Los ojos de Noah se contrajeron salvajemente, enfocándose en los golpes, sus labios estirándose en una sonrisa.
Con un repentino chasquido, su cola brotó desde su espalda, con escamas brillando bajo la luz del salón de entrenamiento.
Se lanzó como un látigo, enroscándose alrededor del puño de Arlo en pleno movimiento.
El apéndice se tensó, tirando violentamente del brazo hacia un lado antes de que el golpe pudiera conectar.
Arlo tropezó hacia adelante, su imposible equilibrio lanzado al caos por pura fuerza bruta.
Noah giró el torso justo a tiempo, pero el puño descendente de Damien aún le rozó el pecho.
El dolor estalló por todo su pecho, y un suave crujido resonó en el aire mientras al menos una costilla cedía.
Noah apretó los dientes por el dolor, doblándose con el ataque, y su rodilla se elevó rugiendo en respuesta.
Golpeó la mandíbula de Damien con un crujido nauseabundo.
El hombre más grande se tambaleó, saliva y sangre salpicando de su boca mientras su cabeza se echaba hacia atrás.
Noah no se detuvo.
La cola se balanceó de nuevo, golpeando a Arlo en las costillas con la fuerza de un martillo.
El chico con los ojos vendados jadeó, derrumbándose de lado.
Noah giró rápidamente, con la cola golpeando bajo, barriendo las piernas de Damien y haciéndolo caer.
Los dos intentaron recuperarse, pero Noah ya estaba sobre ellos.
Su cola chasqueó como un látigo sobre el pecho de Damien, forzando el aire fuera de sus pulmones.
Giró con ella, el apéndice estrellando a Arlo contra el suelo con una fuerza que sacudía los huesos.
Cada movimiento era despiadado y eficiente.
Un golpe tras otro llovían, de su cola, sus puños y sus rodillas.
Sus defensas se hicieron añicos bajo el ataque.
Los esquives de Arlo le fallaron cuando cada ángulo quedó sellado por el arma viviente.
En cuanto a Damien, su resistencia se desmoronó mientras los golpes de Noah traspasaban su guardia una y otra vez.

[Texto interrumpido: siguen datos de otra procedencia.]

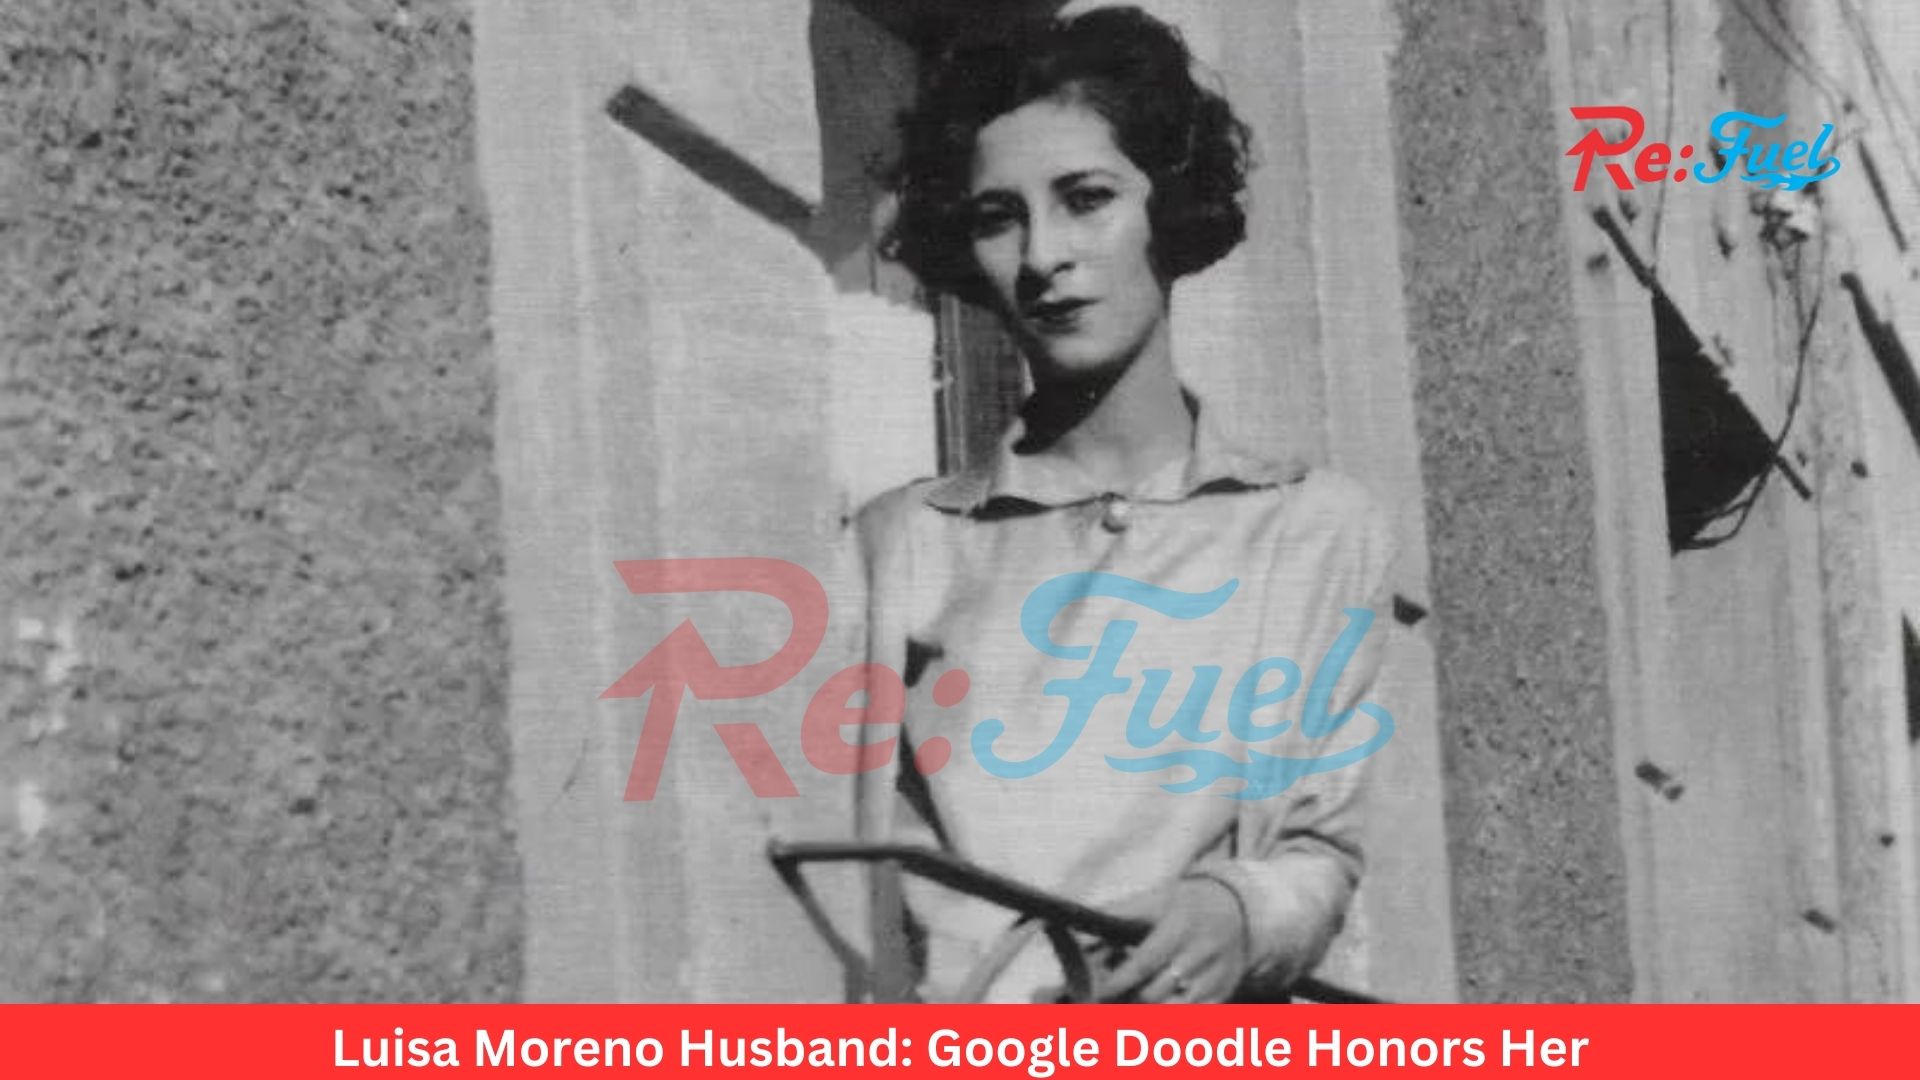 Luisa Moreno Husband: Google Doodle Honors Her
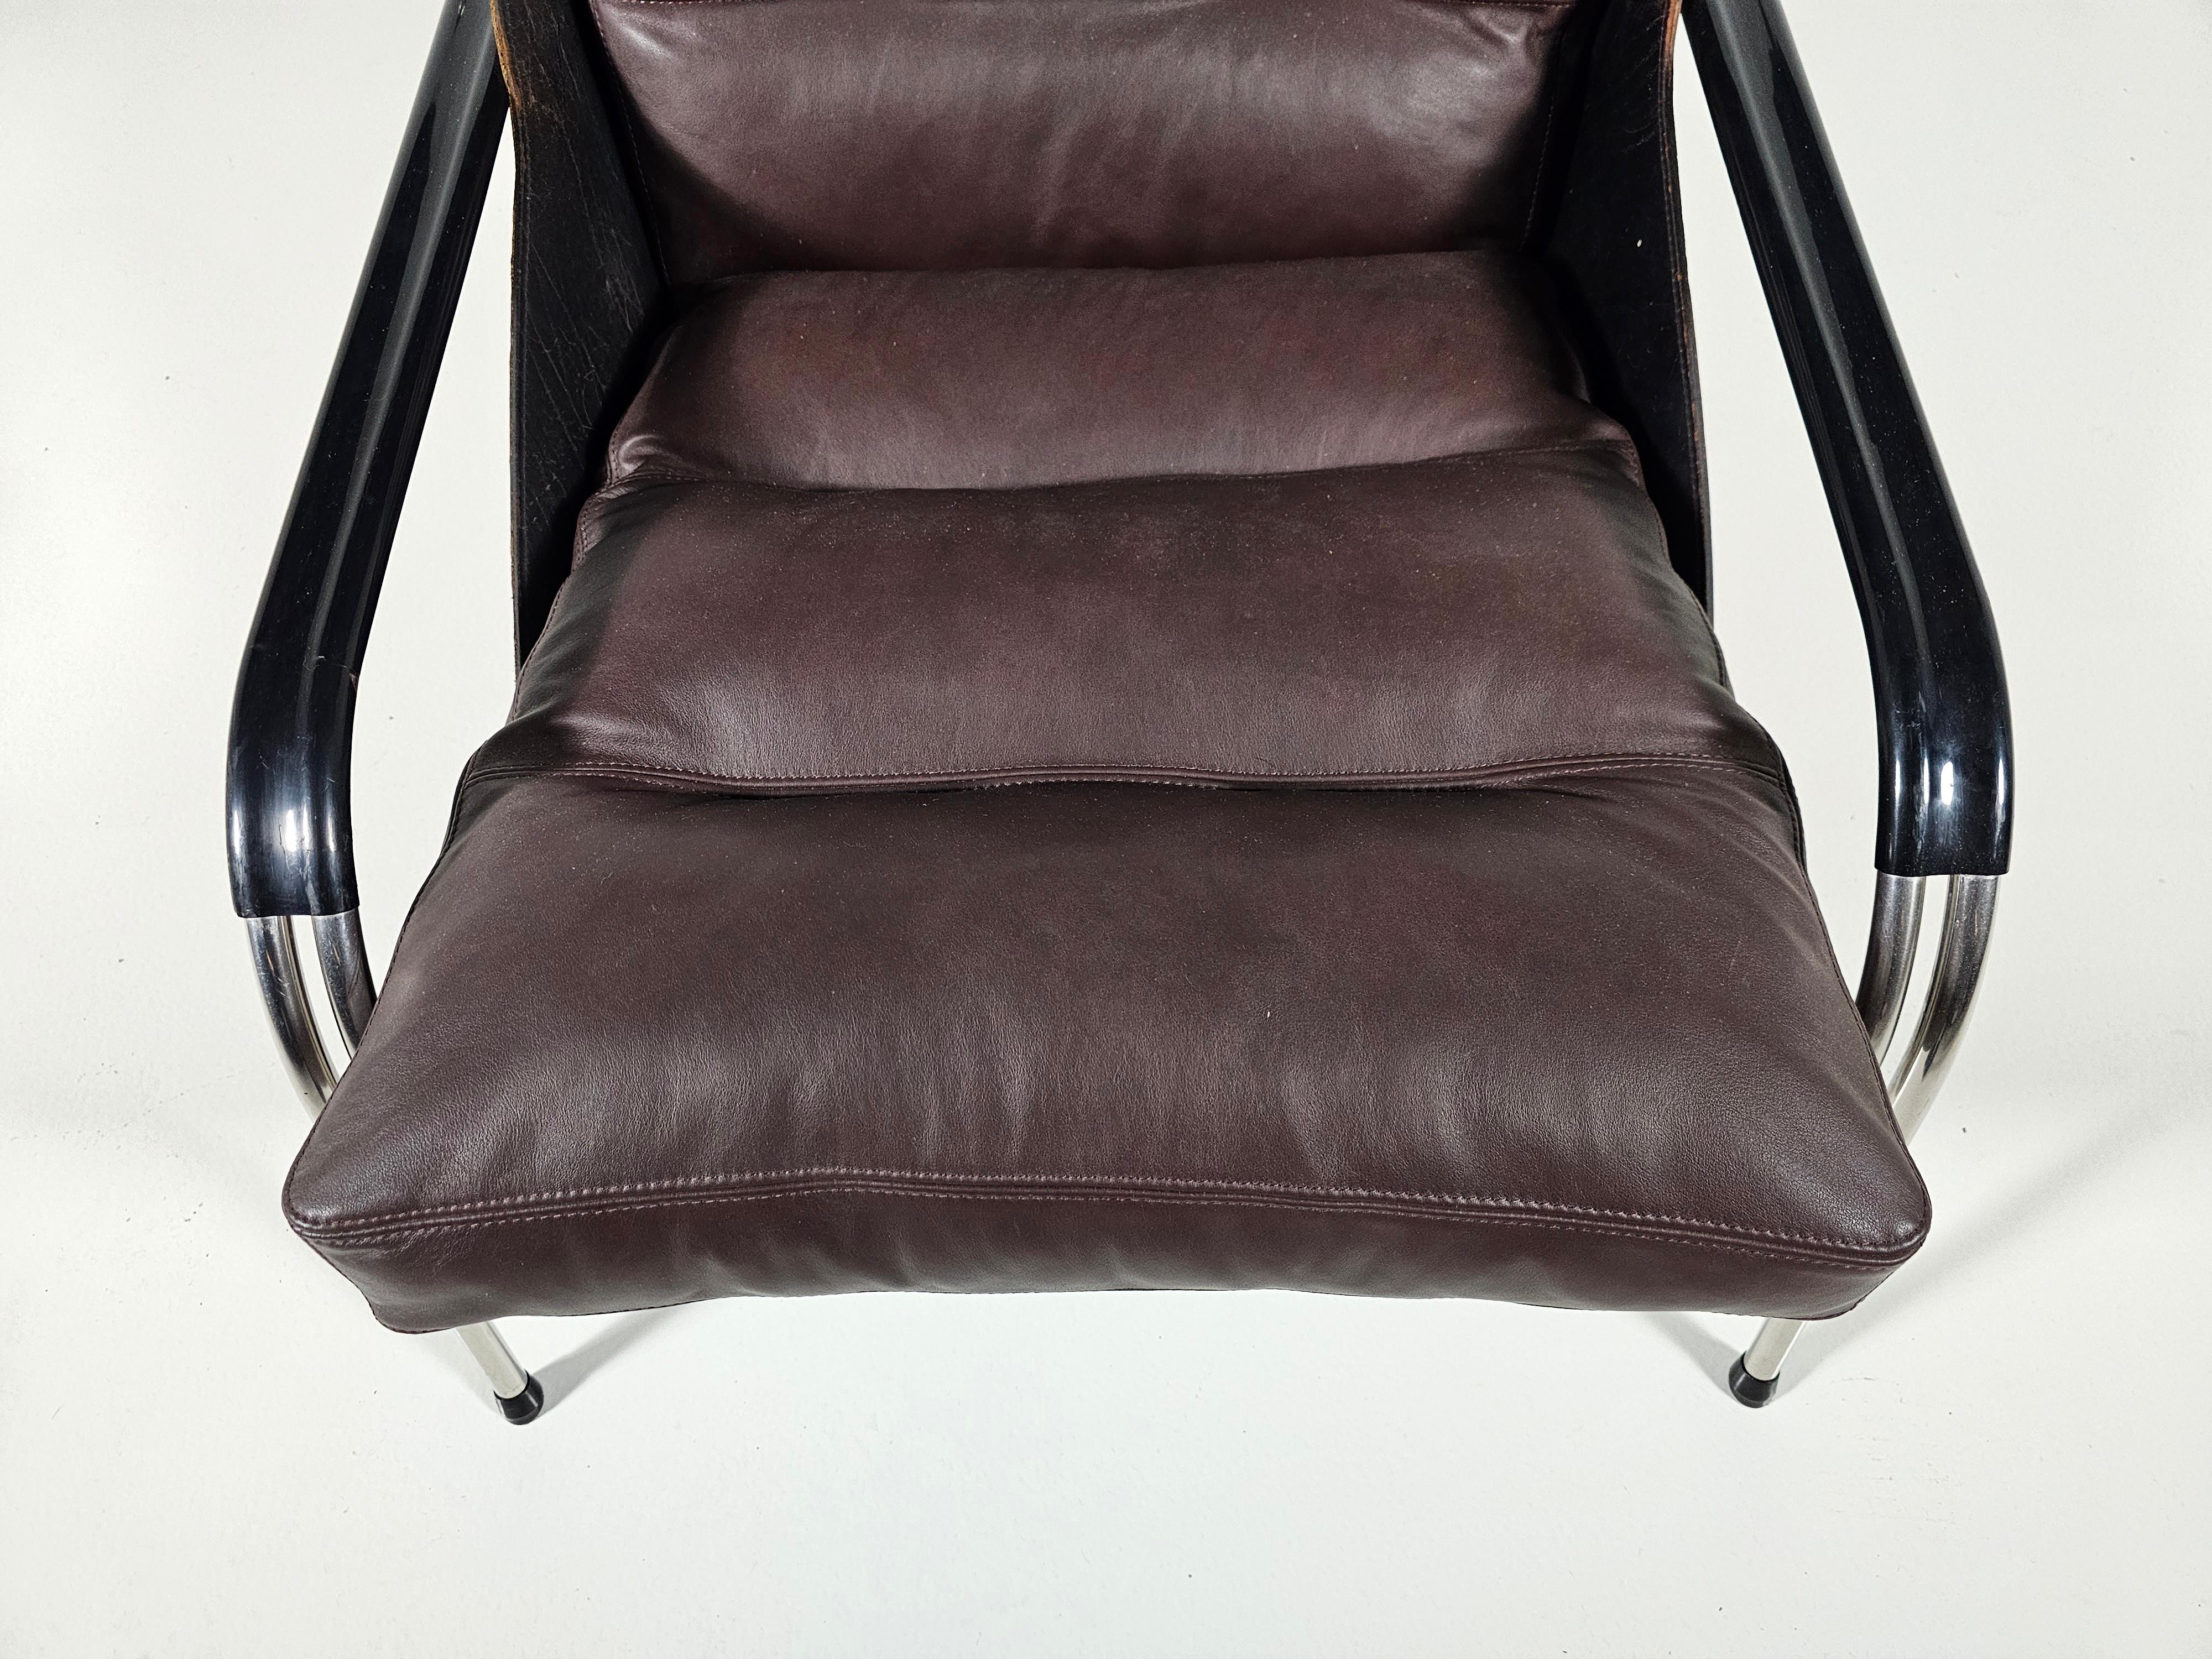  Marco Zanuso Maggiolina lounge chairs in brown and black leather, Zanotta, 1950 For Sale 3

Finalmente, ambos quedaron tendidos sobre la arena, magullados y ensangrentados, jadeando por aire.
Noah se erguía sobre ellos, su cola enroscada en alto como un depredador listo para otro ataque.
—Es suficiente —dijo la Profesora Cecilia finalmente dando un paso adelante, poniendo fin a la pelea.
La cola se quedó congelada donde flotaba detrás de Noah.
Noah la miró por un momento antes de retroceder, retrayendo lentamente su cola, mientras el sonido de la respiración entrecortada de sus compañeros llenaba el salón.
Los pasos de Cecilia resonaron por el salón de entrenamiento mientras caminaba hacia el centro del maltratado triángulo que habían formado sus estudiantes.
Sus ojos los recorrieron.
Damien aún arrodillado, con la mandíbula magullada e hinchada, Arlo sobre una rodilla, agarrándose las costillas, y Noah erguido, con el pecho agitado, su cola desvaneciéndose de nuevo en su columna.
—Bien hecho —dijo, asintiendo a cada uno por turno—.
Esto es lo que quería ver.
No victoria, ni derrota, sino verdad.
Su mirada se posó primero en Damien.
—Confías demasiado en tu fuerza, y puede convertirse en tu mayor debilidad.
—Tus puños son armas, sí, pero cargas sin pensar.
Cada paso que das se anuncia a sí mismo, y alguien con reflejos más rápidos te castigará por ello.
—Debes aprender moderación, Damien.
Controla tu poder, o él te controlará a ti.
Luego, se volvió hacia Arlo.
—Has podido aplicar hábilmente la técnica que te enseñé en tus esquives, y te salvó más de una vez.
—Pero no olvides lo frágil que eres, y el hecho de que la astucia no puede sostenerte para siempre.
—Eso significa que necesitas más resistencia.
Construye tu cuerpo para sobrevivir a los golpes que recibirás.
De lo contrario, un buen golpe es todo lo que se necesitará para acabar contigo.
Finalmente, sus ojos dorados se posaron en Noah.
Lo estudió más tiempo que a los otros.
—Y tú…
tus instintos son letales y tu ejecución es exactamente lo que el Camino del Verdugo requiere de ti.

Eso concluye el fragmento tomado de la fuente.